FIG. 4 shows a seed segment (7) which has been determined by the central processing unit in accordance with the above process. A set of scan lines (8) which are perpendicular to the longitudinal axis of the seed segment are generated by the central processing unit along the current line path (9). If the perpendicular runs (10) are divided by the points equally then the line path is deemed to be correct.
FIG. 5 shows a line (11) that has been recognized. Various intersections (12) in the line are detected and the central processing unit then further analyses these intersections to determine the type of intersection it is. The central axis of the line (13) is determined by the central processing unit to further analyze the intersections.
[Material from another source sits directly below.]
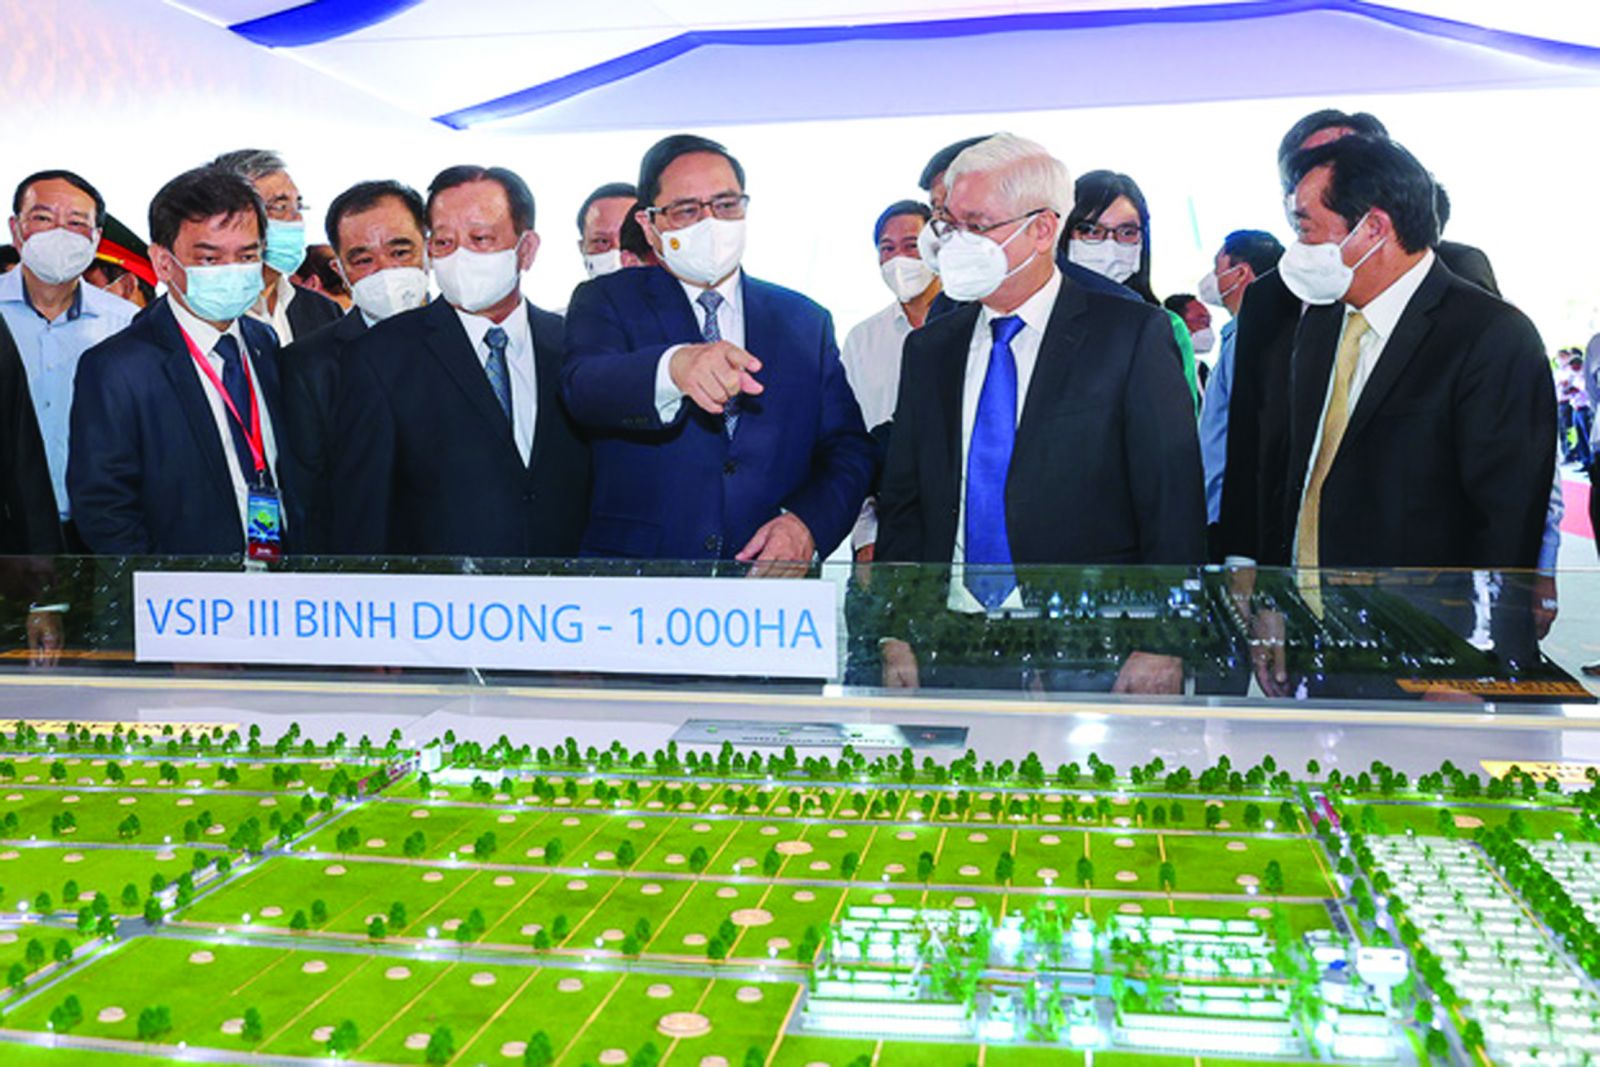  Thủ tướng Phạm Minh Chính tham quan mô hình Khu công nghiệp VSIP III tại tỉnh Bình Dương

 Once the line has been recognized then it be seen from FIG. 6 that the portions of the line that have been recognized and which have no intersections (15) are erased. Where there are intersections (12) then the appropriate portion of the recognized line is erased depending on the type of the intersection and whether the intersection is on one or both sides of the central axis (13) of the line. Where the intersection is only on one side of the recognized line (14) then the area below that line is erased (16) following the contours of the intersection.
FIG. 7 shows the result of vectorization of the first line in the line network and each type of intersection detected along this line.
FIG. 8a shows the gray lines (17) are raster image and the black line at the bottom (18) is the vectorized line with its corresponding bitmap erased. Various intersection points (19, 20 and 21) are found along the vectorized line being an oblique intersection, a complex intersection and perpendicular intersection respectively.
FIG. 8-b to 8-f show the vectorization of every successive lines (18) in order. This order is determined by the order of intersections being pushed into the stacks.
FIG. 8-g shows that once the lines in the bitmap image have been recognized, the bitmap corresponding to lines will be erased from the image. On this basis, the symbols and character strings could be recognized in accordance with predefined algorithms without the interfering of lines.